Odds(Study A is significant | true effect X) > Odds(Study B is significant | true effect X)

Odds(Study A is significant | true effect Y) > Odds(Study B is significant | true effect Y)

so that

Odds(Study A is significant | true effect X)/Odds(Study A is significant | true effect Y) > Odds(Study B is significant | true effect X)/Odds(Study B is significant | true effect Y)

OddsRatio(Study A) > OddsRatio(Study B)

Oops, I got confused typing this out. The odds ratios are actually indeterminate, I think. But if you set X and Y such that Odds(Study B is significant | true effect X) = Odds(Study A is significant | true effect Y), then… it’s still indeterminate. Darn. OK, nevermind.

Katriel:

Yes, you’re right, the large study supplies more information and represents better evidence. The point of the above post is that people often think the opposite: They act as if statistical significance supplies

strongerevidence under poor conditions. They say they got statistical significance “despite limited statistical power” (or, more generally, “despite a crappy research design”) and so that’s even more meaningful.As Loken and I discuss in our “backpack” article, the argument has intuitive appeal: it’s the argument that says that, if LeBron can win with such a crappy supporting cast, he must be an even more awesome player. The reasoning works in the basketball setting but not with statistical significance.

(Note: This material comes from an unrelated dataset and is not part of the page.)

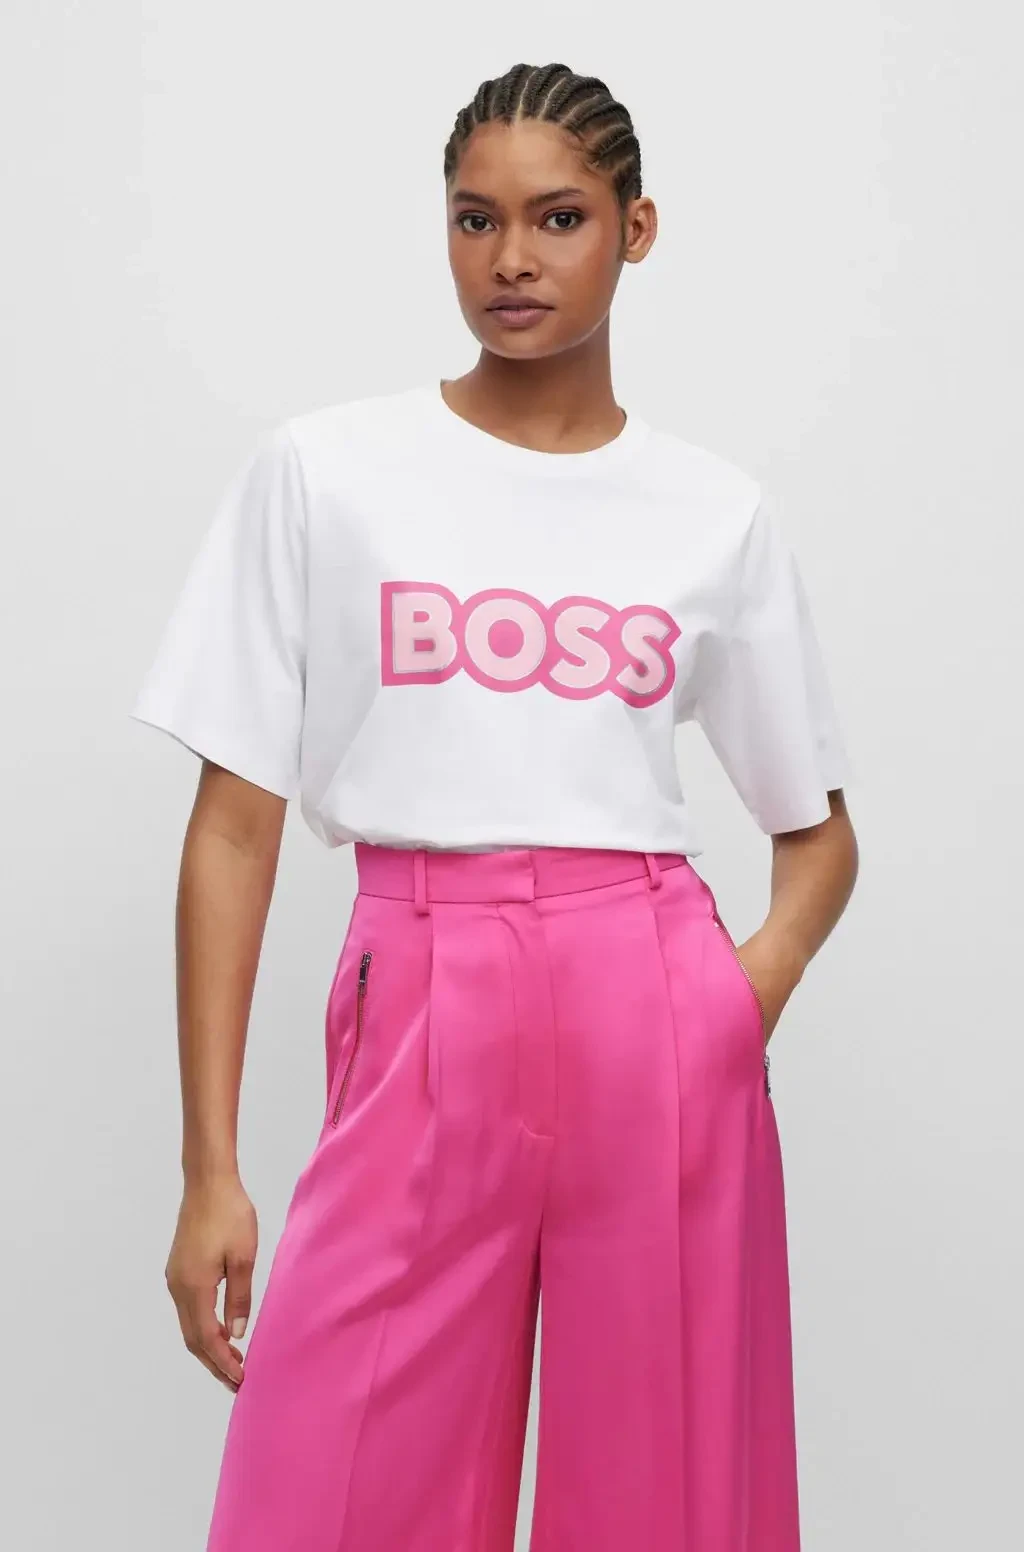 T-shirt en coton stretch BOSS X Alica Schmidt blanc et rose avec logo

Can’t seem to get an answer to this one after scanning the first 3 pages of Google. I have a low sized sample (n=45ish) but it captures the whole population (airline firms in the US) and is a time series. Now, most discussions of power seem to imply that I will be inferring wrongly due to the invalidity of the sample to capture the population betas. Here I have the full population and most variables of interest. I need to run some regressions (perhaps fixed effect or IV style)…will the coefficients I get be reliable or am I still going to suffer from the frailties of under-powered studies.